What can a community or organization do when people cling to best practices and don’t want to reveal or consider the stories behind instructions? First, don’t solve the problem by stripping away all comfort objects. People will only create more and hide them better. It is better to leave comfort objects in place and supplement them with well-labeled, optional elements people can choose to make use of when they are ready. For example, if true stories about mistakes and disasters from experienced experts are to be included in a learning system, it is useful to warn people who are not ready by giving the stories a meaningful, even symbolic label. You might connect to such stories with a link or tag, like “straight from the horse’s mouth” or “from the front lines” or “at the coal face” or some other term that designates brutal reality. Elements so labeled can be approached cautiously, after some preparation.

Of course, some people would argue that this is pandering. They would say that comfort objects should be stripped away, leaving people — for their own good — cold and naked in the harsh light of reality. I remember somebody once saying that they preferred to train people by throwing them into the deep end of the swimming pool, then coming back later to see if they were still alive. In this person’s mind, the only possible outcomes were coming back to see the person swimming and alive, or coming back to see the person floating and dead. I asked them, “What if you come back and the person is sitting by the side of the pool, having rejected your stupid test?” They said something to the effect that a person like that would be dangerous.
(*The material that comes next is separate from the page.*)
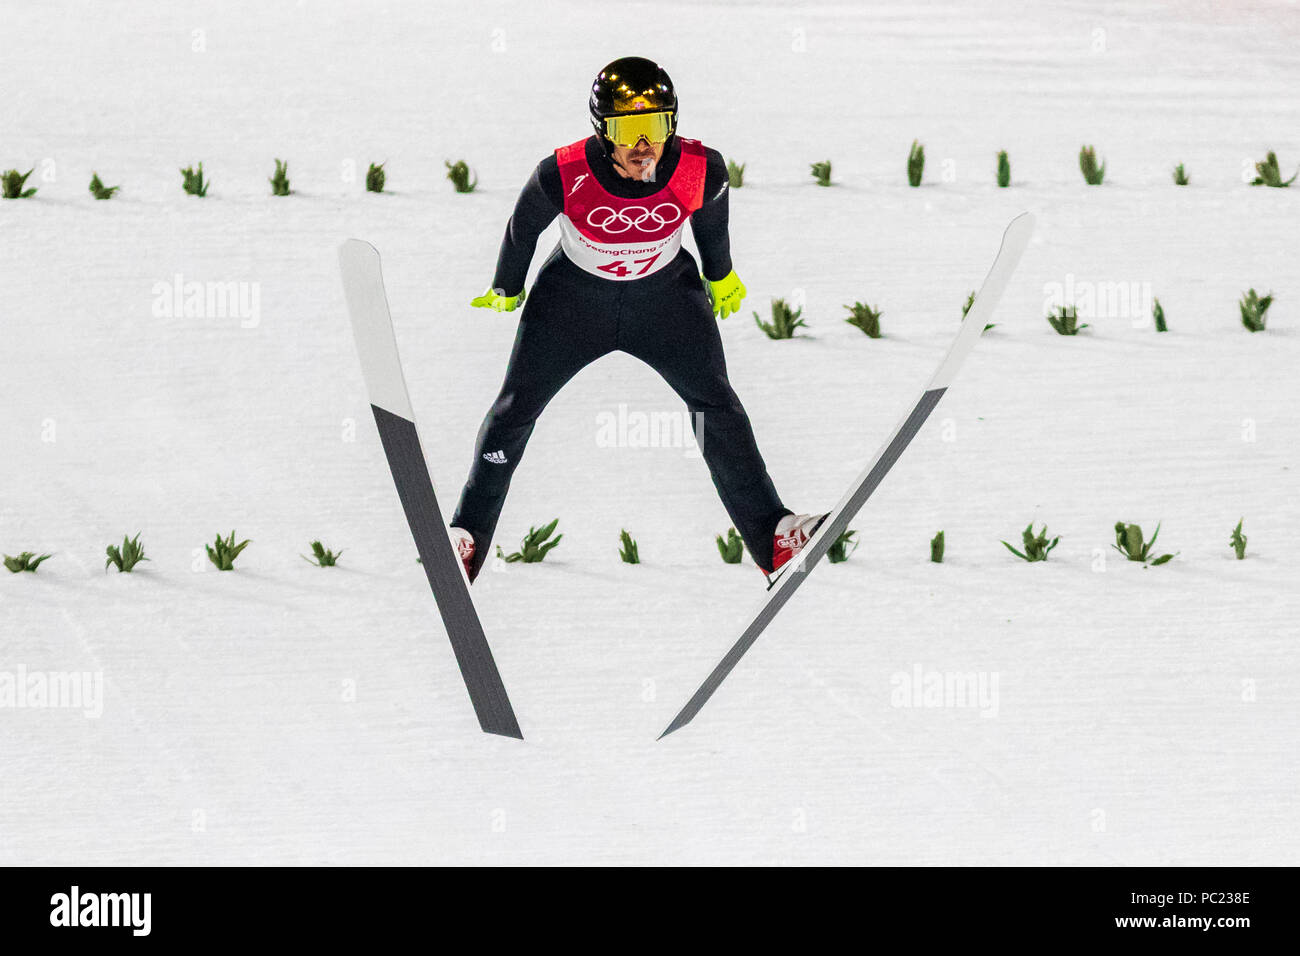 Andreas Stjernen (NOR) konkurrieren im Skispringen Herren Normalschanze Qualifikation bei den Olympischen Winterspielen PyeongChang 2018 Stockfoto

I guess I’m dangerous, then, because I respond very poorly to being forced to confront — well, anything. I like my comfort objects. I have lots of them, and I carry them around with me. Nobody is going to take my comfort objects from me, and why should they? I would be far less useful without them. I suspect that this is true for many people. I also suspect that those who make fun of best practices and suggest they be destroyed keep lots of comfort objects (with other names) around them and would fight to keep them. Best practices are not evil; they are only evil alone.

PNI to the rescue

Let me now summarize what I believe you can do with participatory narrative inquiry to help people bring back the stories behind instructions without breaking the learning process.

  1. To avoid invoking the dreaded tl;dr reflex, make the stories behind instructions available yet optional and unobtrusive.
  2. To avoid causing pain to those who need to appear knowledgeable, dilute the elicitation of mistake stories so that the preponderance of storytelling supports the identity of the expert.
  3. To avoid taking away beloved comfort objects, use separation and clear labeling to give people advance notice and options, so that they can choose when and where they will put down their talismans and face reality.

I believe that if you follow these guidelines, you can improve the utility of your learning resources with appropriate, revelatory, insightful stories. You can build far more than “just a cookbook.” You can build a phenomenon.